Since we have pretty nice custom error codes, I would like to get rid of
DP_ERR_* codes. They are practically useless and are adding non-trivial
complexity to the code.
I did only a quick look so it is possible that I missed something, but let's
talk about it. We have the following codes:
>#define DP_ERR_OK 0
DP_ERR_OK is usually used in combination with EOK and in most cases it is
treated as error (or worse not handled at all). There are some situations
when DP_ERR_OK and !EOK is used, it is mostly in combination with PAM error
code and access control, but we can handle this with custom error codes.
>#define DP_ERR_OFFLINE 1
DP_ERR_OFFLINE means EAGAIN, always.

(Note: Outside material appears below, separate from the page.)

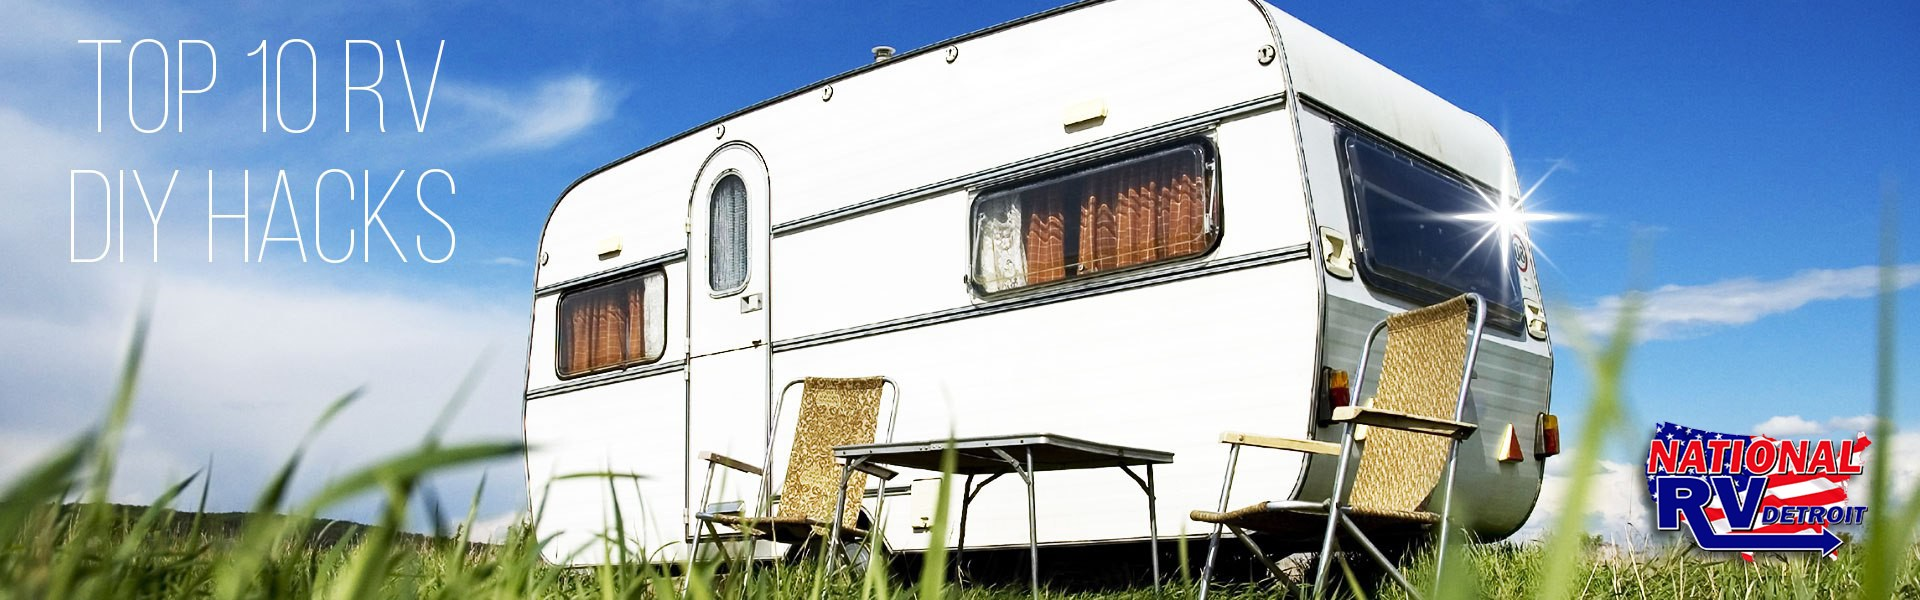 Top 10 RV DIY Hacks - Travel Trailer in a field of grass

This should be changed to ERR_OFFLINE
or similar custom error o
This error code can't be returned from provider's can it?
>#define DP_ERR_TIMEOUT 2
This is not used at all.
I guess this was meant to be used for cases where the DP takes too long
to answer and the request is cancelled.
>#define DP_ERR_FATAL 3
This is other than EOK code and should be avoided.
Having only one error code from sdap operations would simplify code flow and
make the code less error prone.
I don't think we should leak sdap error codes to responders (and data
provider is mostly a layer between responders and providers). The
authentication code currently returns PAM error codes to DP..
What if the provider returned a single error code but we still retained
a tuple of (dp_err, provider_err) towards the responders? Then DP_ERR_OK
and DP_ERR_OFFLINE wouldn't use the minor error code but DP_ERR_FATAL
would transfer the error from the provider along with sss_strerror()
or similar explanation?
Then providers would return a single error code, but responder would
be able to distinguish between cases where all went fine, where provider
wasn't even contacted and failures...
In my opinion this should be part of or even prerequisite to ldap provider
and sdap_id_op refactoring.
How is DP interface related to sdap_id_op code?